Available Datasets for Evaluation

Dataset	Evaluation Task	Language	Description
malhajar/mmlu_tr-v0.2	Lighteval MMLU	Turkish	Turkish adaptation of MMLU (Massive Multitask Language Understanding) v0.2 covering 57 academic subjects including mathematics, physics, chemistry, biology, history, law, and computer science. Tests knowledge and reasoning capabilities across multiple domains with multiple-choice questions.
malhajar/truthful_qa-tr-v0.2	Lighteval TruthfulQA	Turkish	Turkish version of TruthfulQA (v0.2) designed to measure model truthfulness and resistance to generating false information. Contains questions where humans often answer incorrectly due to misconceptions or false beliefs, testing the model's ability to provide accurate information.
malhajar/winogrande-tr-v0.2	Lighteval WinoGrande	Turkish	Turkish adaptation of WinoGrande (v0.2) focusing on commonsense reasoning through pronoun resolution tasks. Tests the model's ability to understand context, make logical inferences, and resolve ambiguous pronouns in everyday scenarios.
malhajar/hellaswag_tr-v0.2	Lighteval HellaSwag	Turkish	Turkish version of HellaSwag (v0.2) for commonsense reasoning evaluation. Tests the model's ability to predict plausible continuations of everyday scenarios and activities, requiring understanding of common sense and typical human behavior patterns.
malhajar/arc-tr-v0.2	Lighteval ARC	Turkish	Turkish adaptation of ARC (AI2 Reasoning Challenge) v0.2 focusing on science reasoning and question answering.
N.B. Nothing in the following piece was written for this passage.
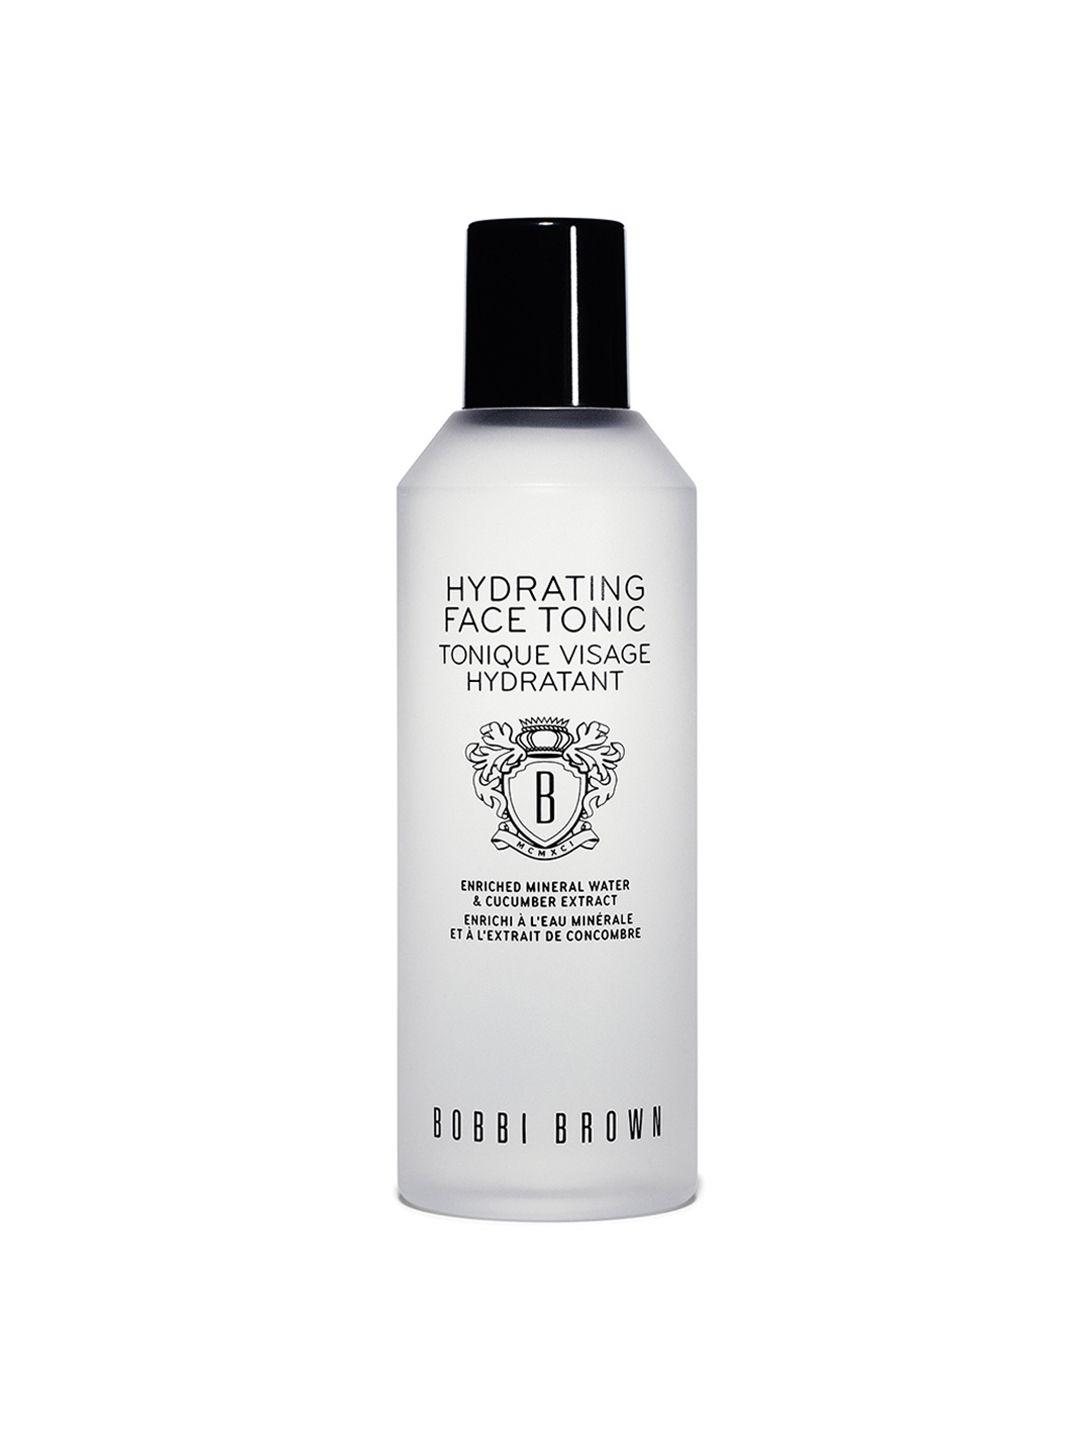 bobbi brown hydrating face tonic with cucumber extract & mineral water - 200 ml

Contains grade school level science questions that require reasoning beyond simple factual recall, covering topics in physics, chemistry, biology, and earth science.
malhajar/gsm8k_tr-v0.2	Lighteval GSM8K	Turkish	Turkish version of GSM8K (Grade School Math 8K) v0.2 for mathematical reasoning evaluation. Contains grade school level math word problems that require multi-step reasoning, arithmetic operations, and logical problem-solving skills to arrive at the correct numerical answer.
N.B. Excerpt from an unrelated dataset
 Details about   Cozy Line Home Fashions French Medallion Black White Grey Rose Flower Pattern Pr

newmindai/mezura-eval-data	Auto-Arena	Turkish	mezura-eval dataset is a Turkish-language legal text dataset designed for evaluation tasks with RAG context support. The subsets include domains like Environmental Law, Tax Law, Data Protection Law and Health Law each containing annotated samples. Every row includes structured fields such as the category, concept, input and contextual information drawn from sources like official decisions.
newmindai/mezura-eval-data	EvalMix	Turkish	mezura-eval dataset is a Turkish-language legal text dataset designed for evaluation tasks with RAG context support. The subsets include domains like Environmental Law, Tax Law, Data Protection Law and Health Law each containing annotated samples. Every row includes structured fields such as the category, concept, input and contextual information drawn from sources like official decisions.
newmindai/mezura-eval-data	Retrieval	Turkish	mezura-eval dataset is a Turkish-language legal text dataset designed for evaluation tasks with RAG context support. The subsets include domains like Environmental Law, Tax Law, Data Protection Law and Health Law each containing annotated samples. Every row includes structured fields such as the category, concept, input and contextual information drawn from sources like official decisions.